= Observability =

In control theory, visible state of a system

Observability is a measure of how well internal states of a system can be inferred from knowledge of its external outputs.
In control theory, the observability and controllability of a linear system are mathematical duals.

The concept of observability was introduced by the Hungarian-American engineer Rudolf E. Kálmán for linear dynamic systems. A dynamical system designed to estimate the state of a system from measurements of the outputs is called a state observer for that system, such as Kalman filters.

==Definition==
Consider a physical system modeled in state-space representation. A system is said to be observable if, for every possible evolution of state and control vectors, the current state can be estimated using only the information from outputs (physically, this generally corresponds to information obtained by sensors). In other words, one can determine the behavior of the entire system from the system's outputs. On the other hand, if the system is not observable, there are state trajectories that are not distinguishable by only measuring the outputs.

== Linear time-invariant systems ==
For time-invariant linear systems in the state space representation, there are convenient tests to check whether a system is observable. Consider a SISO system with $n$ state variables (see state space for details about MIMO systems) given by

 $\dot{\mathbf{x}}(t) = \mathbf{A} \mathbf{x}(t) + \mathbf{B} \mathbf{u}(t)$
 $\mathbf{y}(t) = \mathbf{C} \mathbf{x}(t) + \mathbf{D} \mathbf{u}(t)$

=== Observability matrix ===
If and only if the column rank of the observability matrix, defined as

$$\mathcal{O}=\begin{bmatrix} C \\ CA \\ CA^2 \\ \vdots \\ CA^{n-1} \end{bmatrix}$$

is equal to $n$, then the system is observable.

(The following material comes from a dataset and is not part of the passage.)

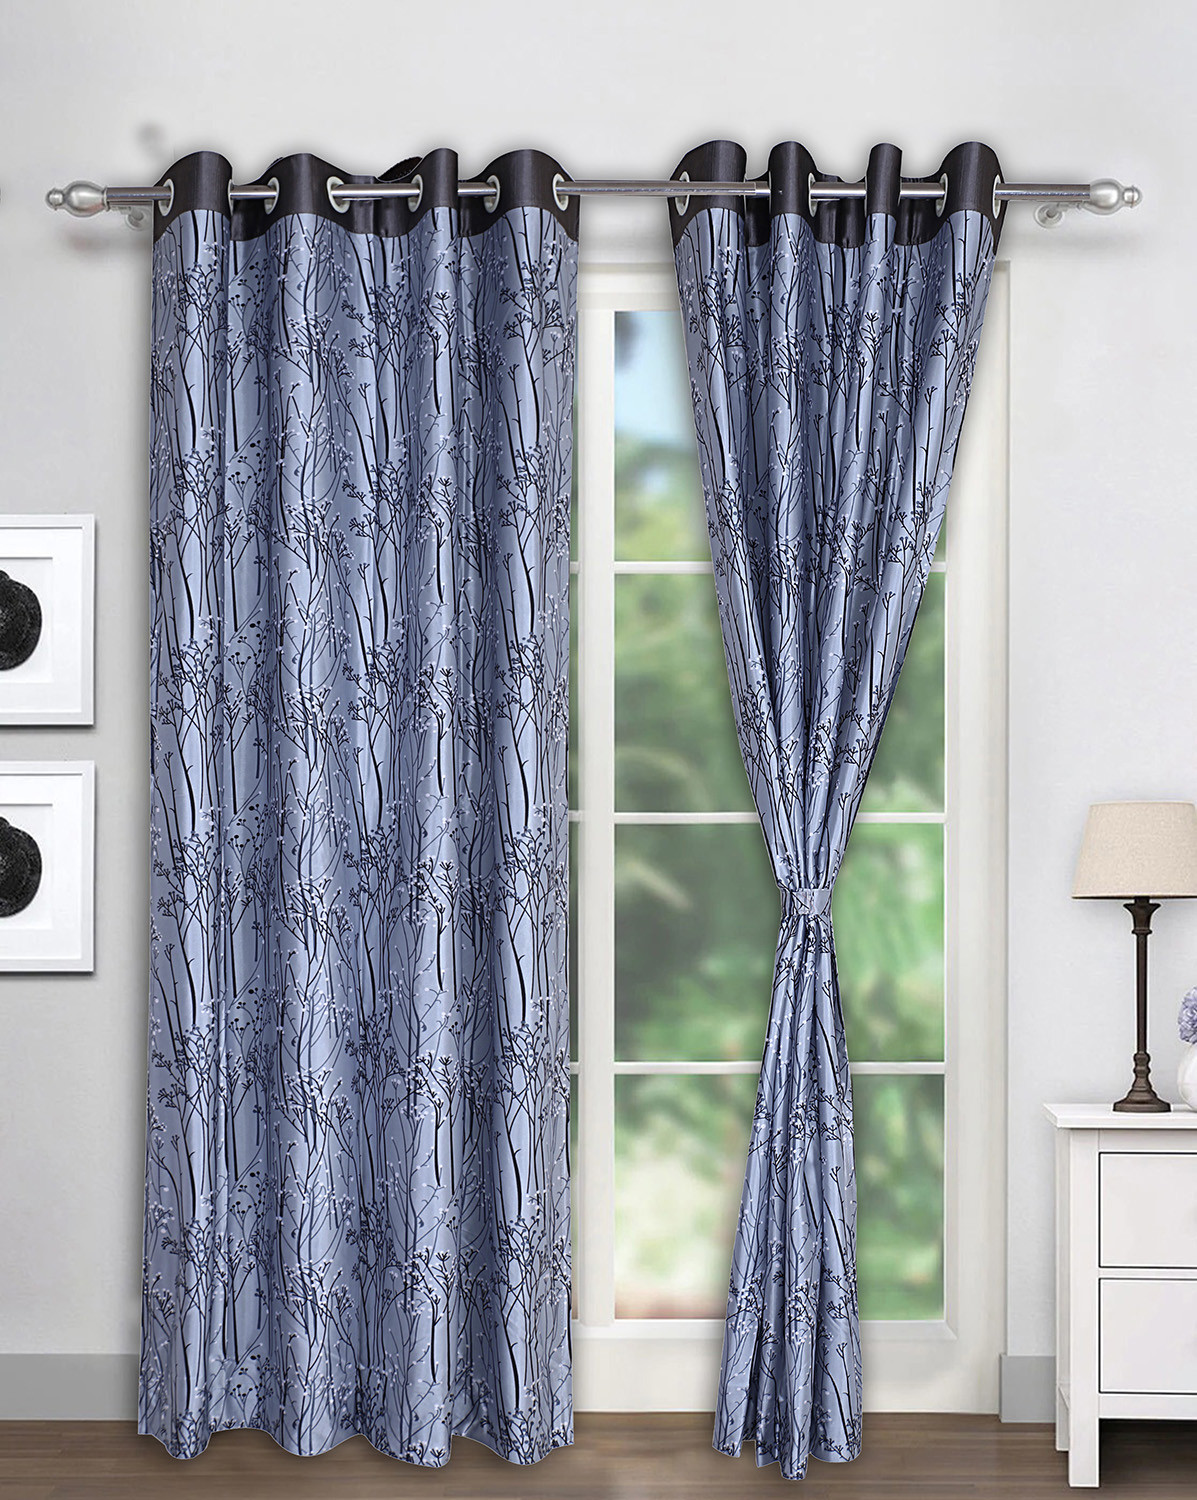 Kuber Industries Polyester Decorative 7 Feet Door Curtain|Tree Branches Print Blackout Drapes Curatin With 8 Eyelet For Home & Office (Gray)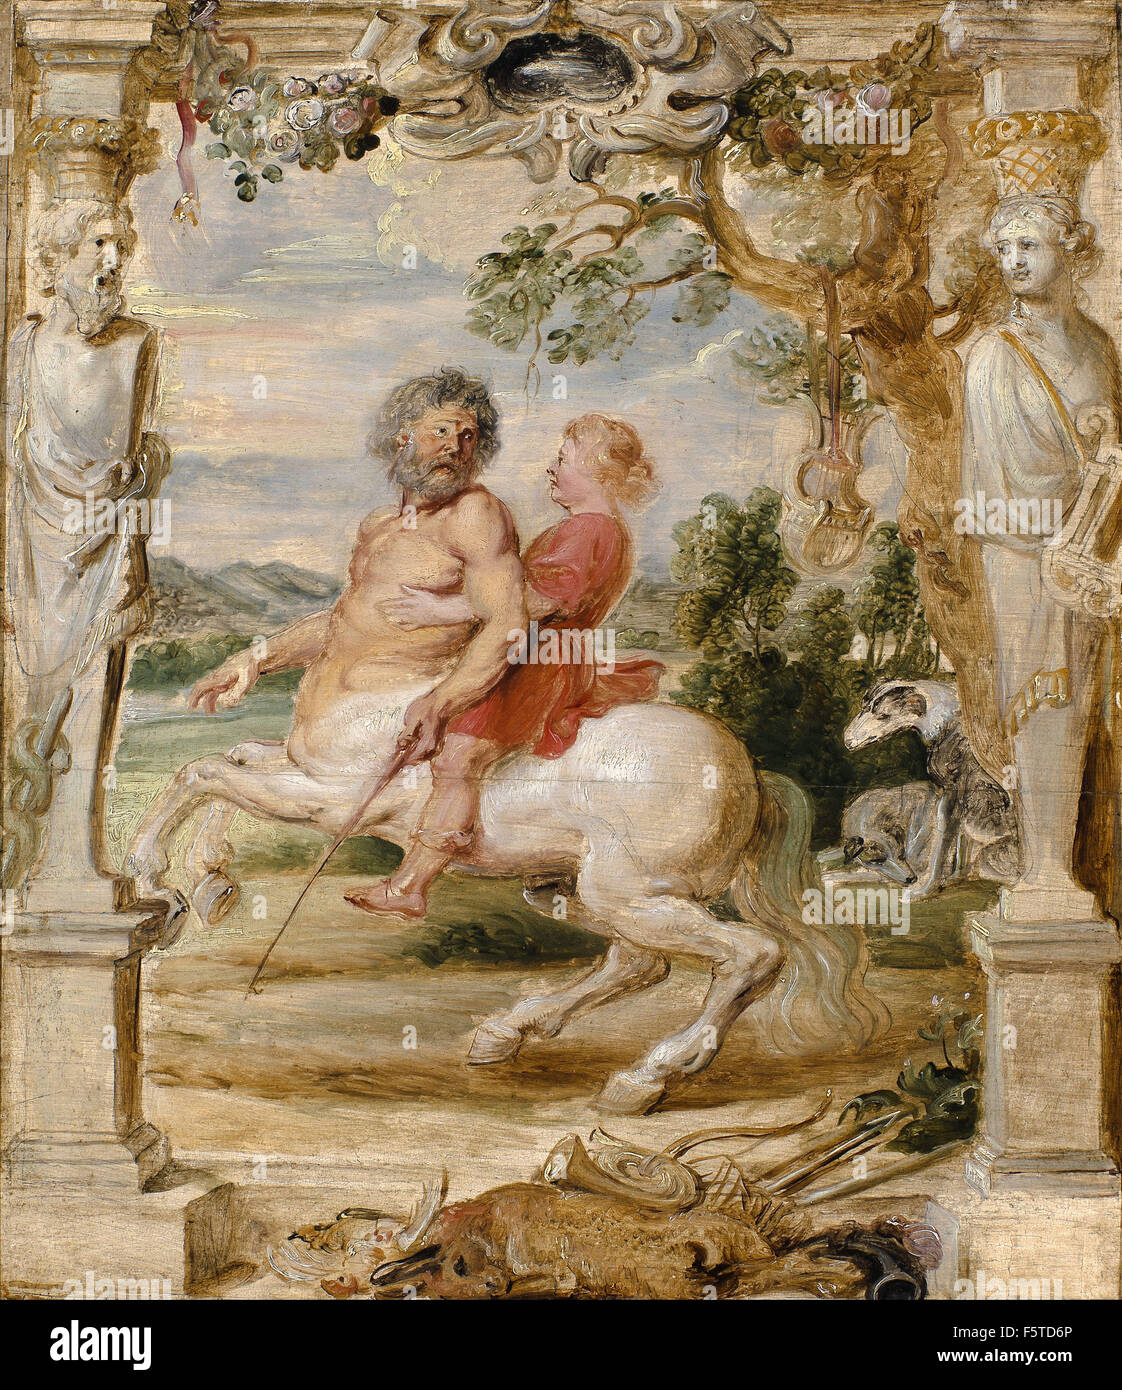 Peter Paul Rubens - Achilles Educated by the Centaur Chiron Stock Photo

The rationale for this test is that if $n$ columns are linearly independent, then each of the $n$ state variables is viewable through linear combinations of the output variables $y$. Observability is a sufficient and necessary condition for the design of continuous-time state observers.

=== Related concepts ===

==== Observability index ====
The observability index $v$ of a linear time-invariant discrete system is the smallest natural number for which the following is satisfied: $\text{rank}{(\mathcal{O}_v)} = \text{rank}{(\mathcal{O}_{v+1})}$, where

$$\mathcal{O}_v=\begin{bmatrix} C \\ CA \\ CA^2 \\ \vdots \\ CA^{v-1} \end{bmatrix}.$$

==== Unobservable subspace ====
The unobservable subspace $N$ of the linear system is the kernel of the linear map $G$ given by$$\begin{align}
G \colon \mathbb{R}^{n} &\rightarrow \mathcal{C}(\mathbb{R};\mathbb{R}^n) \\
         x(0) &\mapsto C e^{A t} x(0)
\end{align}$$where $\mathcal{C}(\mathbb{R};\mathbb{R}^n)$ is the set of continuous functions from $\mathbb{R}$ to $\mathbb{R}^n$. $N$ can also be written as

$N = \bigcap_{k=0}^{n-1} \ker(CA^k)= \ker{\mathcal{O}}$

Since the system is observable if and only if $\operatorname{rank}(\mathcal{O}) = n$, the system is observable if and only if $N$ is the zero subspace.

The following properties for the unobservable subspace are valid:
- $N \subset Ke(C)$
- $A(N) \subset N$
- $N= \bigcup \{ S \subset R^n \mid S \subset Ke(C), A(S) \subset N \}$

==== Detectability ====
A slightly weaker notion than observability is detectability. A system is detectable if all the unobservable states are stable.

Detectability conditions are important in the context of sensor networks.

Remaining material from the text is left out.